Grouped bar plot to compare # of men and that of women in different category of majors
Couple box plots to see distributions of median salaries and that of unemployment_rate columns
Hexagonal bin plot to visualize densely scattered columns
recent_grads.groupby("Major_category")["Women","Men"].sum().plot(kind='bar')
<matplotlib.axes._subplots.AxesSubplot at 0x7f0da8539780>
The grouped bar plot shows that business category is the most popular area for students while the interdisciplinary areas are the least preferred.

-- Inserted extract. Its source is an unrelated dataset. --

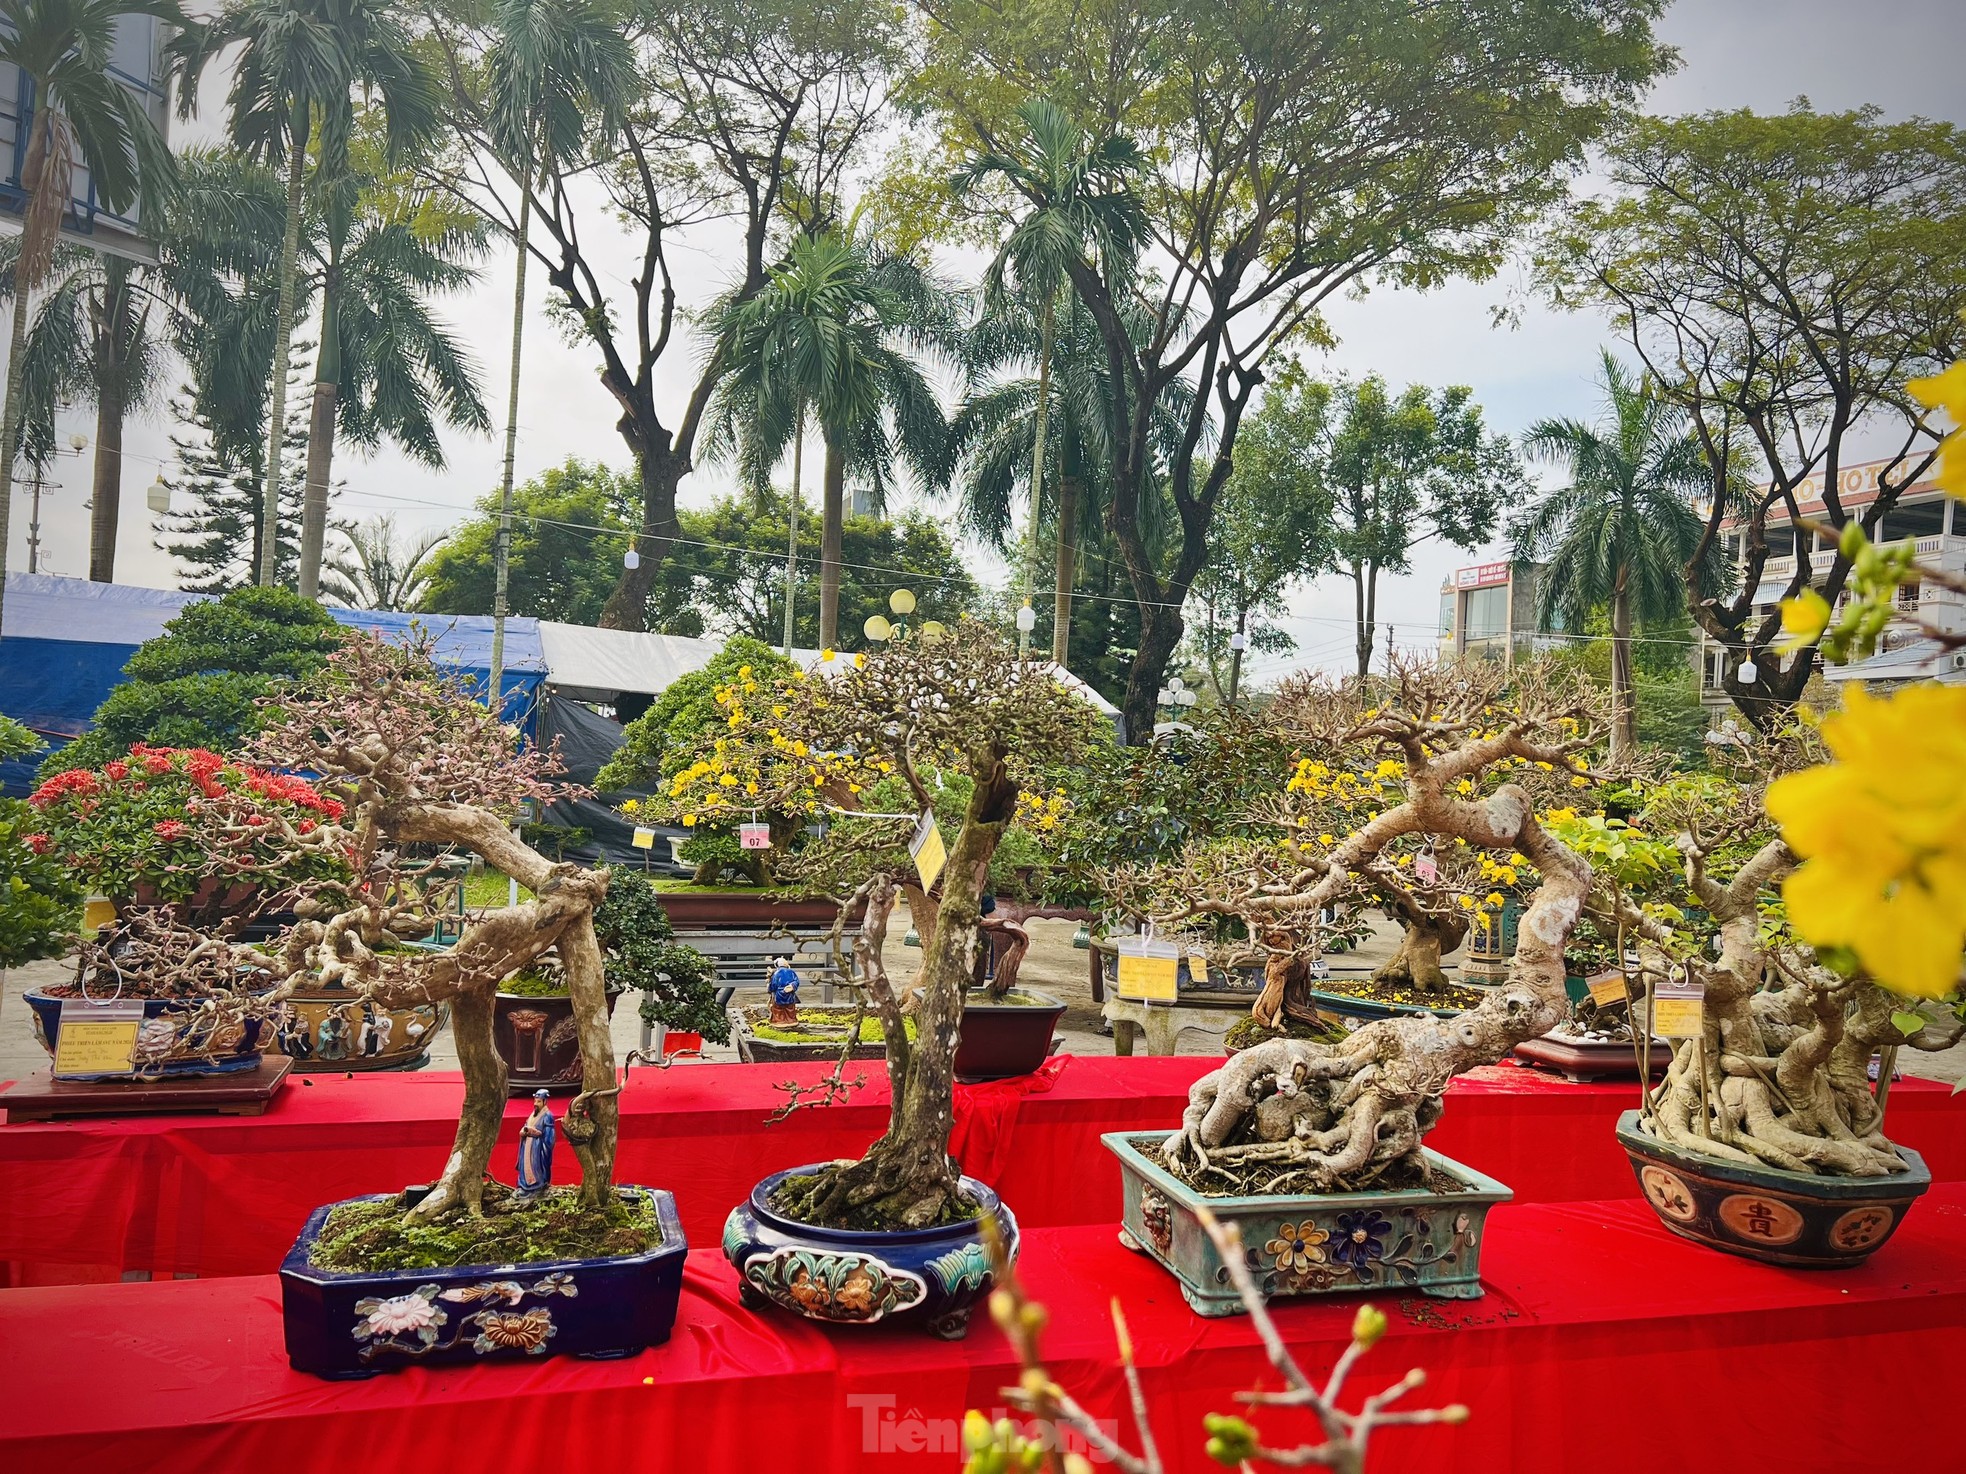 Dàn bonsai độc lạ, giá lên đến 500 triệu đồng ở Quảng Ngãi - Ảnh 4.
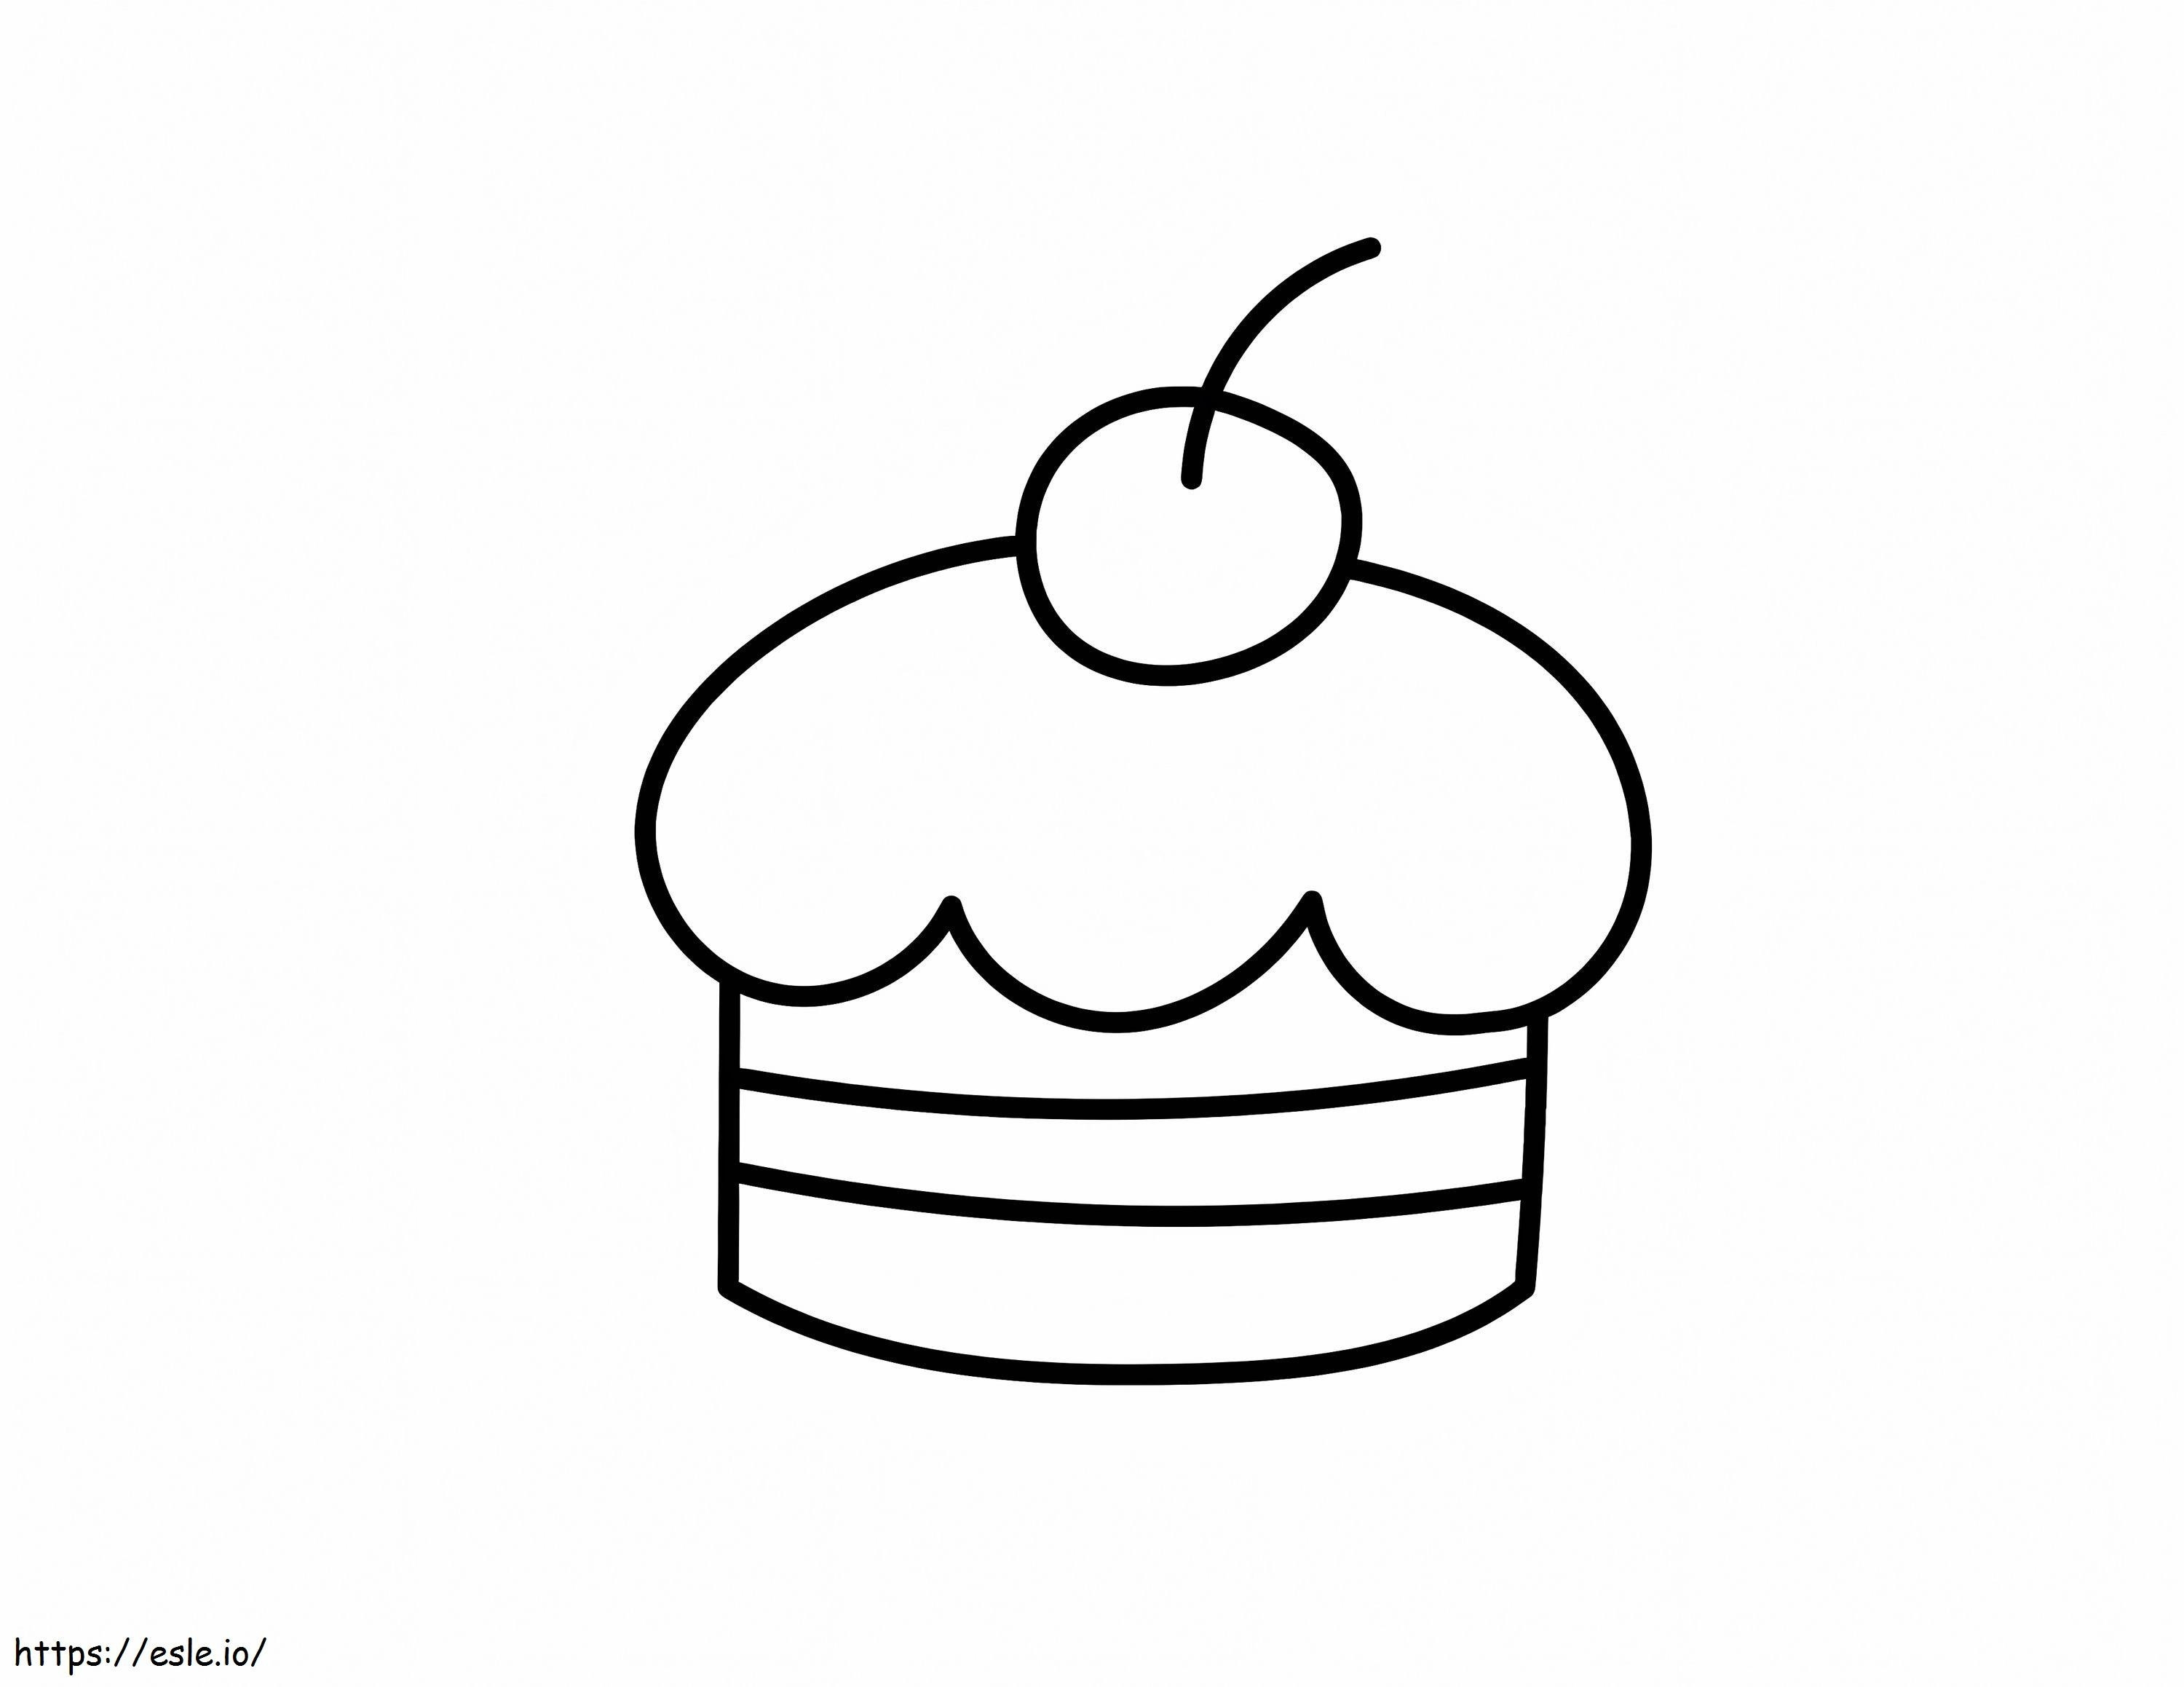 Einfacher Kuchen ausmalbilder

Women dearly outweight men in many categories including education, communications, health arts, humanities and psychology. Business seems to be evenly distributed between men and women.
Men dominates engineering fields and computers & math.
recent_grads[["Median"]].boxplot()
<matplotlib.axes._subplots.AxesSubplot at 0x7f0da838d2e8>
recent_grads[["Unemployment_rate"]].boxplot()
<matplotlib.axes._subplots.AxesSubplot at 0x7f0da8354748>
The two box and whisker plots show us there are some outliers in our dataset where the unemployment rate could rise up to 18% for some majors. The median salary for college graduates might go up to $75,000 in some cases but these could be considered outliers as well.
recent_grads.plot.hexbin(x='Men', y='Median', gridsize=30)
<matplotlib.axes._subplots.AxesSubplot at 0x7f0da82c2160>
recent_grads.plot.hexbin(x='Women', y='Median', gridsize=30)
<matplotlib.axes._subplots.AxesSubplot at 0x7f0da81d50f0>
Hexagonals show us that women and men are similar in their median earnings however women have two core points: some $35.000 and some $40,000.
Median earnings for men is around $35,000 most of the time.